A Saint-Sauveur, dans le Nord Finistère, des sans-papiers portent plainte pour "traite d'être humain" contre leur ancien employeur. Ils dénoncent des heures impayées et surtout la promesse d'une régularisation jamais tenue. L'ex-patron de cette société agro-alimentaire dément les accusations.
L'accusation est lourde de sens : "traite d'être humain". Trois des 17 salariés en situation irrégulière rapportent tous à peu près le même témoignage. C'est avec le soutien de l'Union locale de la CGT de Morlaix qu'ils ont donc décidé de dénoncer leur conditions de travail.
"Il nous a promis des papiers"
Parmi eux Kévin et Désiré, deux Mauriciens arrivés en France en 2017 pour travailler. Ils étaient employés par la Société Prestavic, spécialisée dans les prestations de ramassage de volailles, basée à Saint-Sauveur dans le Finistère et mise en liquidation judiciaire le 15 décembre dernier.
Embauchés sans papiers et sans contrat de travail, ils dénoncent aujourd'hui leur employeur. D'une part, pour les conditions de travail abusives. D'autre part, pour une demande de régularisation que l'employeur n'a jamais réalisée.
Il nous a promis qu'il allait nous donner nos papiers, qu'il allait faire les démarches à la préfecture... à chaque fois qu'on y va, il n'y a rien.
Des fois, quand on allait travailler de nuit chez un éleveur, on n'avait même pas de quoi se changer, il fait froid puis on tombe malade puis on reste à la maison et il nous "gueule dessus" ! On devait être présent chaque jour.
"Un énorme moyen de pression"
Sur les 23 salariés de l'entreprise, ils étaient 17 en situation irrégulière. La CGT de Morlaix les accompagne face à l'employeur. "C'était un énorme moyen de pression qu'il avait pour les garder sous sa coupe, explique Nadine Châtelain, responsable juridique de l'union locale CGT. Ils attendaient leur papiers avec impatience. Alors que ces salariés étaient venus en France pour cela".
L'Inspection du travail a lancé une instruction. A noter que, confronté à un manque de main d'oeuvre, une entreprise a le droit d'embaucher des personnes sans-papiers, sur autorisation de la préfecture. Mais la démarche n'a pas été faite.

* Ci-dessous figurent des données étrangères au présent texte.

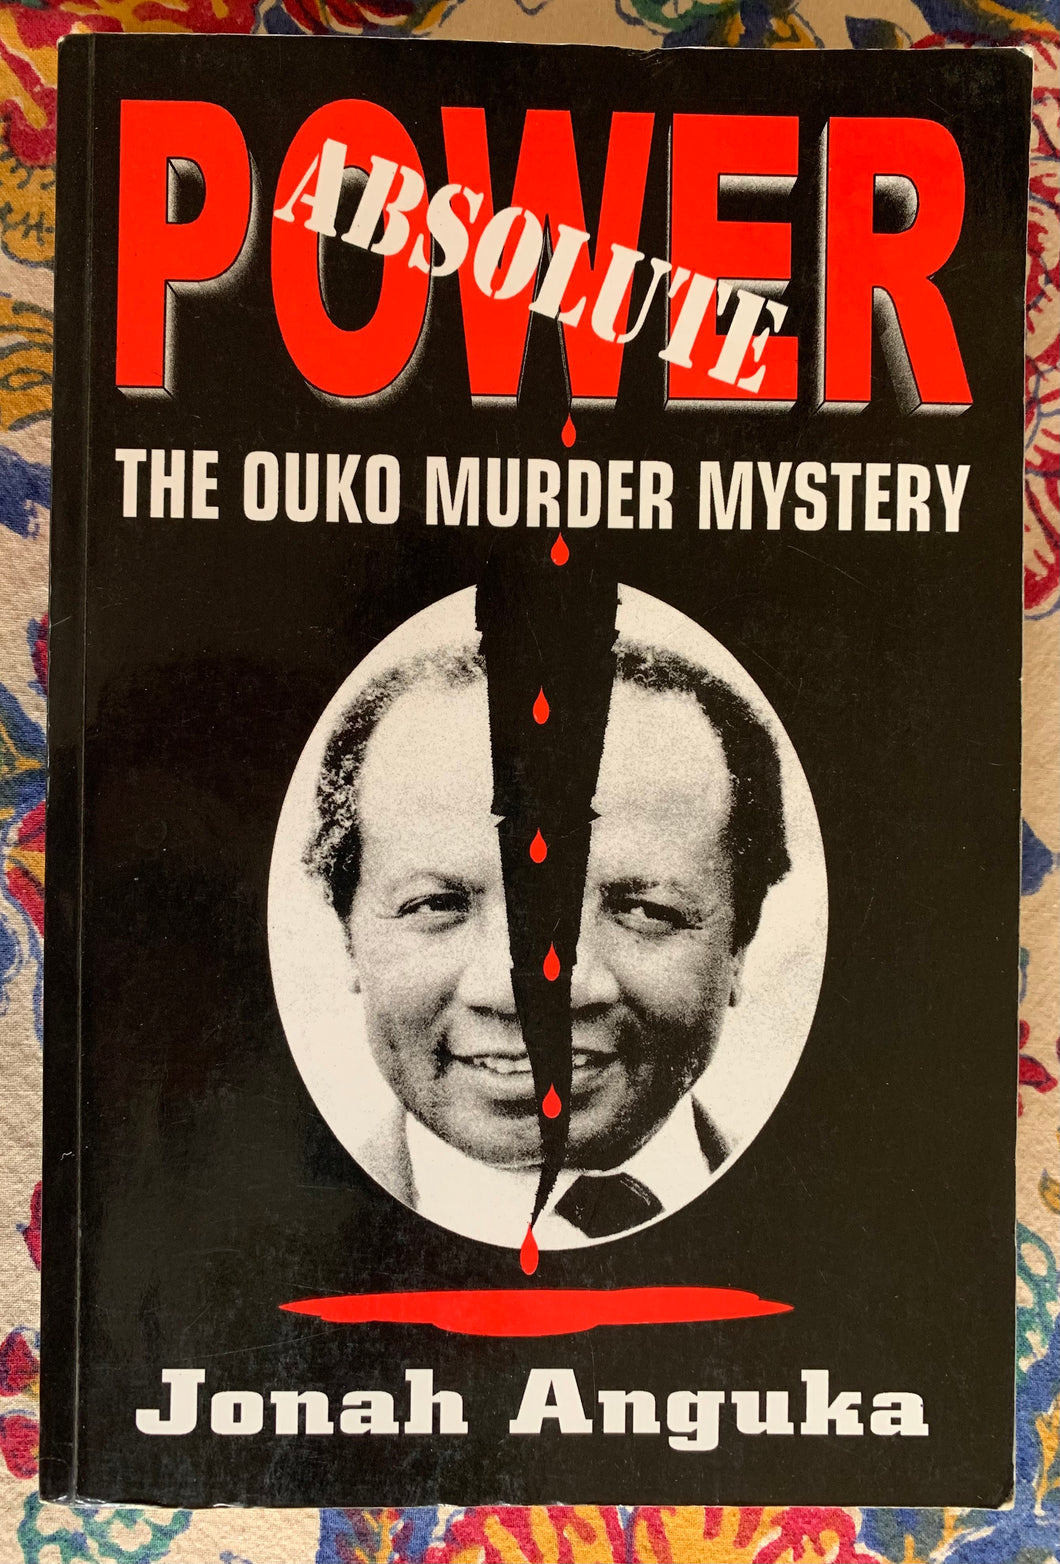 Absolute Power: The Ouko Murder Mystery

Face aux accusations de ces ex-salariés, le gérant de la société se défend. "Quand vous avez 17 personnes qui se mettent contre vous et disent tous la même chose, je comprends très bien que je puisse passer pour un esclavagiste, indique Marc Szambelan, mais c'est n'est pas de cette façon là que je les employais. J'ai toujours eu de bonnes relations avec eux. J'ai omis de faire cette déclaration à la préfecture, d'accord, mais qu'on ne vienne pas me dire que je les ai menacés".
Le conseil des prud'hommes devra se prononcer sur les conditions de travail. Et c'est via le tribunal d'instance que la question de l'esclavagisme pourrait ensuite être jugée.